On most tutorials or documentation resources, to get the first value of a function passed (in the case of ints) you do [ebp+8]
, the second [ebp+12]
and so forth. For some reason, I have to do [ebp+6]
then [ebp+10]
and so forth.
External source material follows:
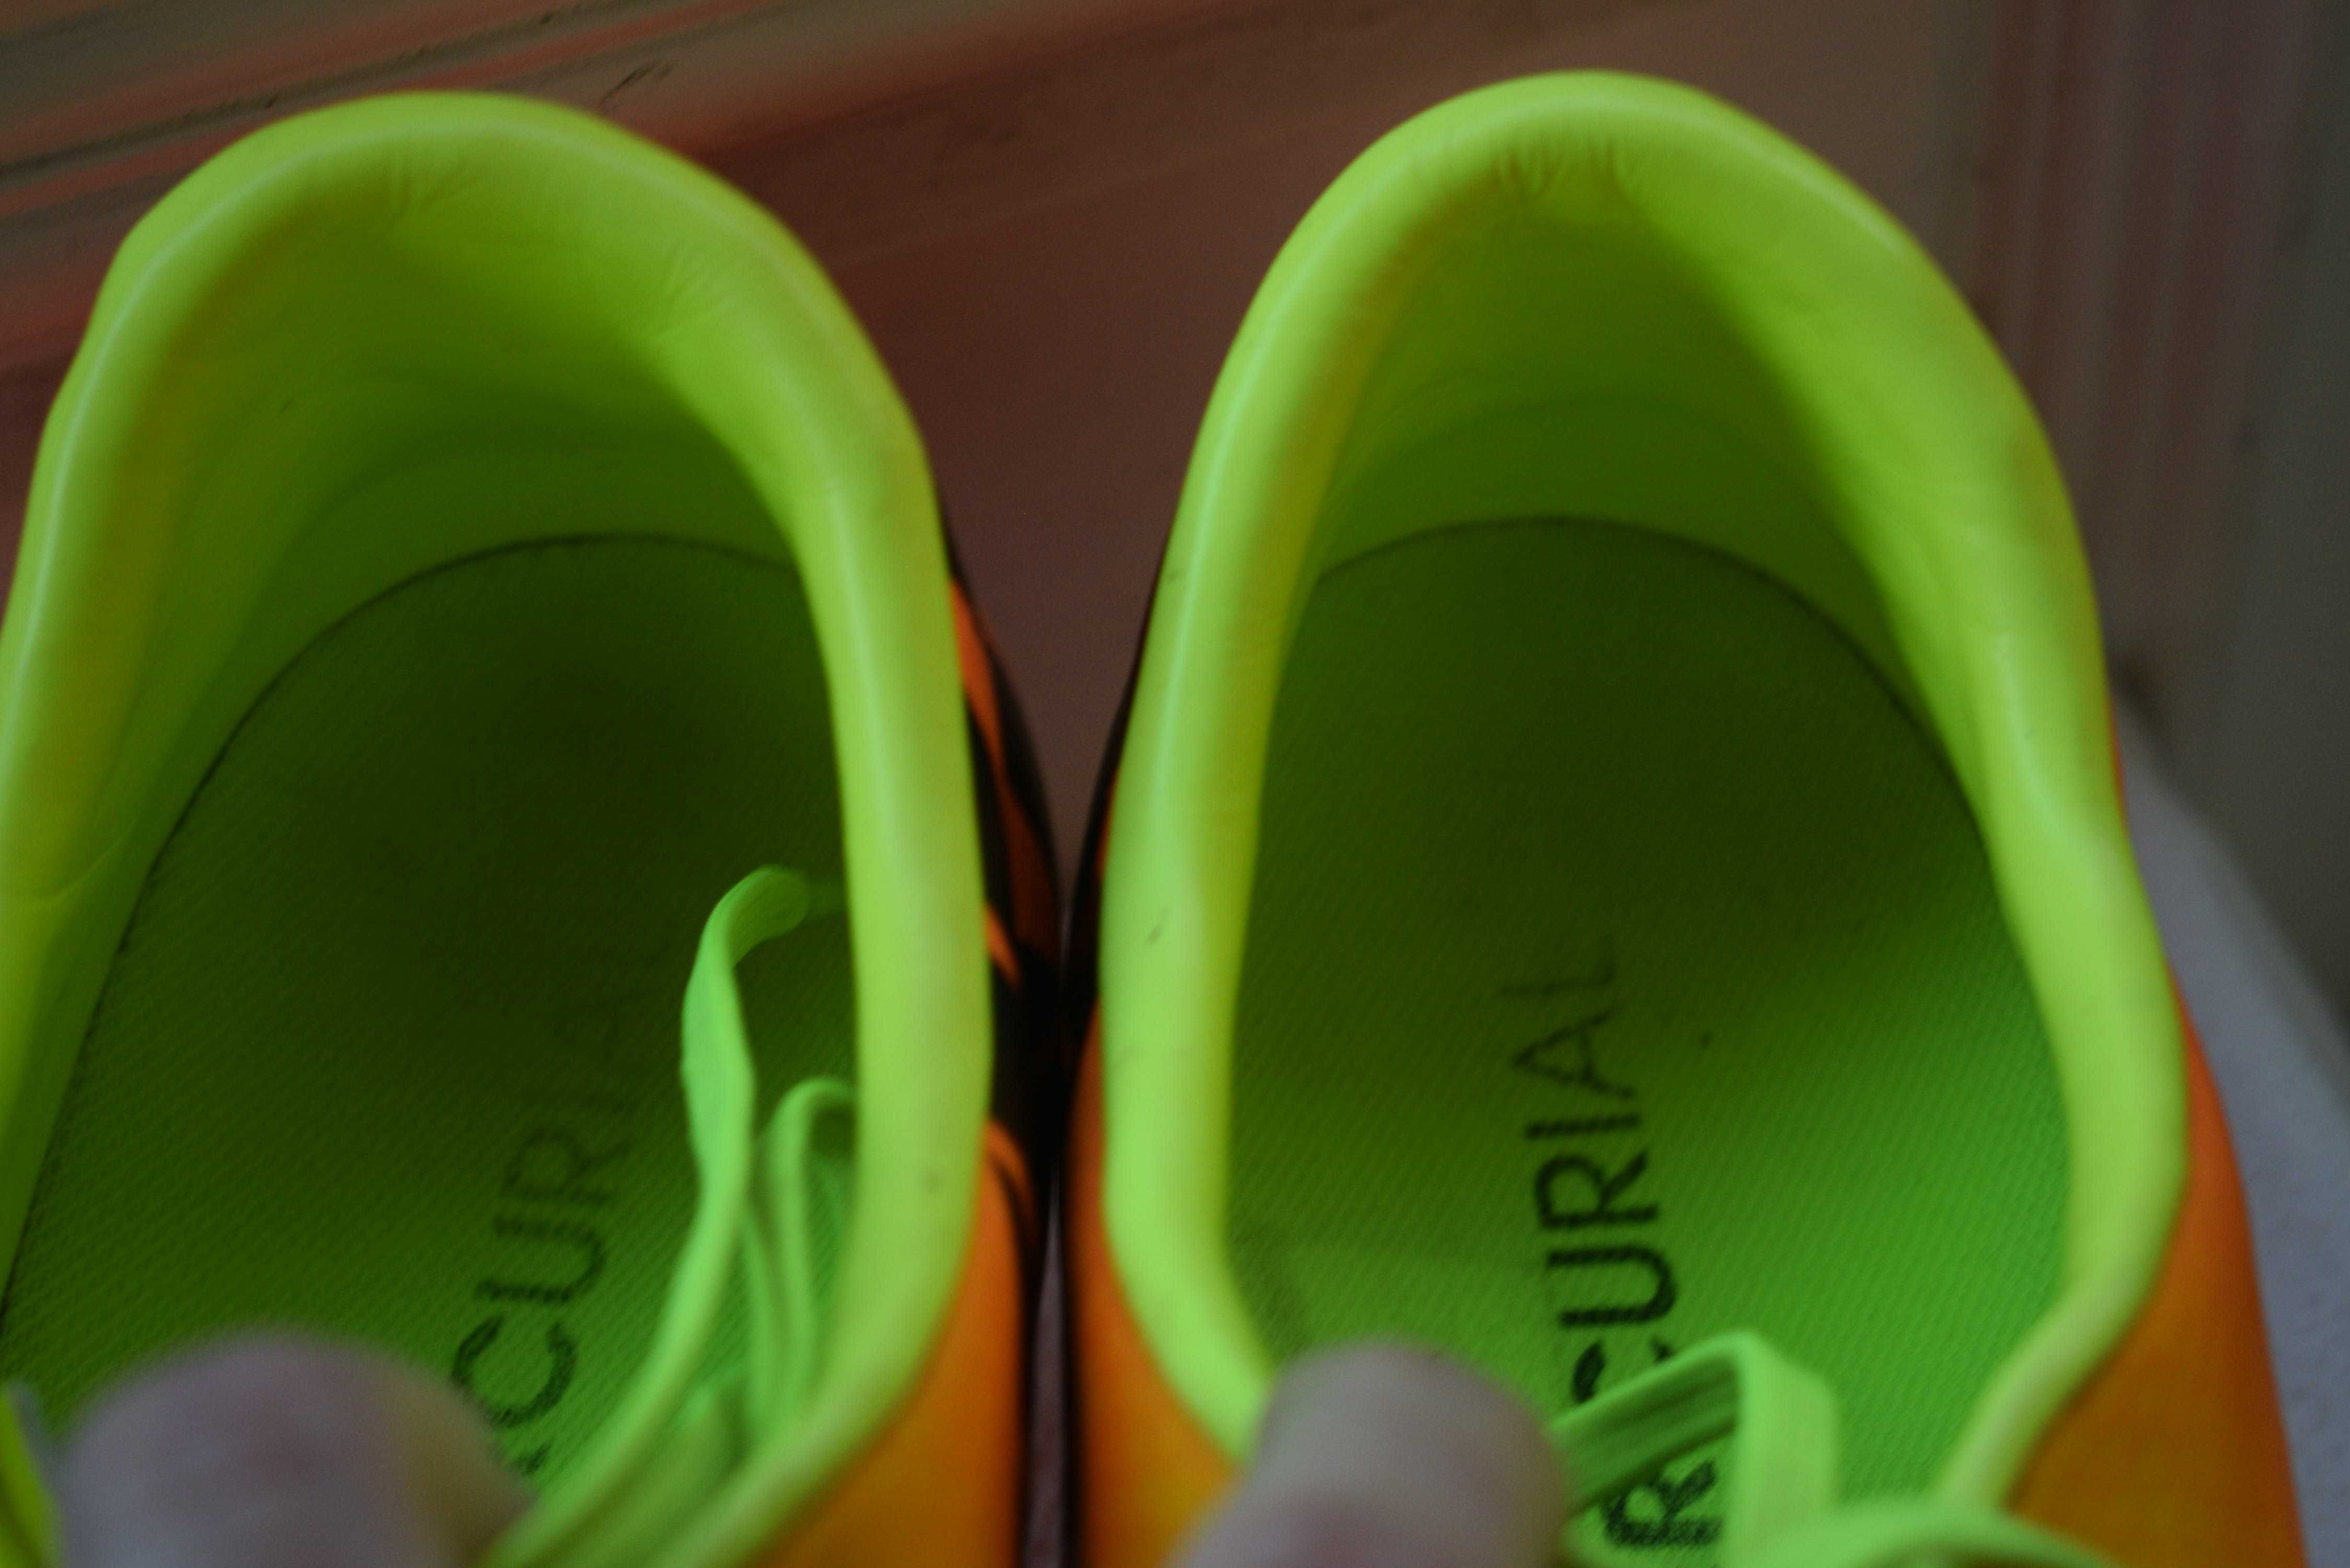 копочки копки бутсы кроссовки кросовки Nike Mercurial р. 47,5 31 см

Could anyone tell me why?
如果你对这篇内容有疑问,欢迎到本站社区发帖提问 参与讨论,获取更多帮助,或者扫码二维码加入 Web 技术交流群。
绑定邮箱获取回复消息
由于您还没有绑定你的真实邮箱,如果其他用户或者作者回复了您的评论,将不能在第一时间通知您!
发布评论
评论(2)
您的操作码看起来很可疑:它们充满了
0x66
和0x67
地址/数据大小覆盖前缀,这些前缀(在 32 位代码段中)将转换为 32 位操作转换成16位的。例如is
而不是
(这似乎解释了观察到的行为:按下
bp
会使堆栈指针减少 2 而不是 4)。Your opcodes look suspicious: they're full of
0x66
and0x67
address/data size override prefixes, which (in a 32-bit code segment) will turn 32-bit operations into 16-bit ones. e.g.is
rather than
(which seems to explain the observed behaviour: pushing
bp
decrements the stack pointer by 2 instead of 4).您的问题是
66
和67
字节——分别是操作数大小覆盖和地址大小覆盖。由于您在 32 位模式下运行此代码,因此这些字节告诉处理器您需要 16 位操作数和地址,而不是 32 位操作数和地址。
66 55
反汇编为PUSH BP
,它只推送 2 个字节而不是 4 个字节,因此您的地址偏移了 2。67
字节前两个示例也是不必要的,但因为您只访问寄存器而不是内存,所以它们没有任何效果并且不会破坏任何东西(还)。这些字节也应该被删除。看起来您正在使用专为 16 位代码设计的框架,或者您可以通过某种方式告诉它您需要 32 位代码。
Your problem is the
66
and67
bytes -- operand size override and address size override, respectively.Since you're running this code in 32-bit mode, these bytes tell the processor that you want 16-bit operands and addresses instead of 32-bit ones. The
66 55
disassembles toPUSH BP
, which pushes only 2 bytes instead of 4, hence your addresses being off by 2.The
67
bytes in the first two examples are also unncessary, but because you're only accessing registers and not memory, they have no effect and don't break anything (yet). Those bytes should also be removed.It looks like you're using a framework designed for 16-bit code, or perhaps there's a way you can tell it you want 32-bit code.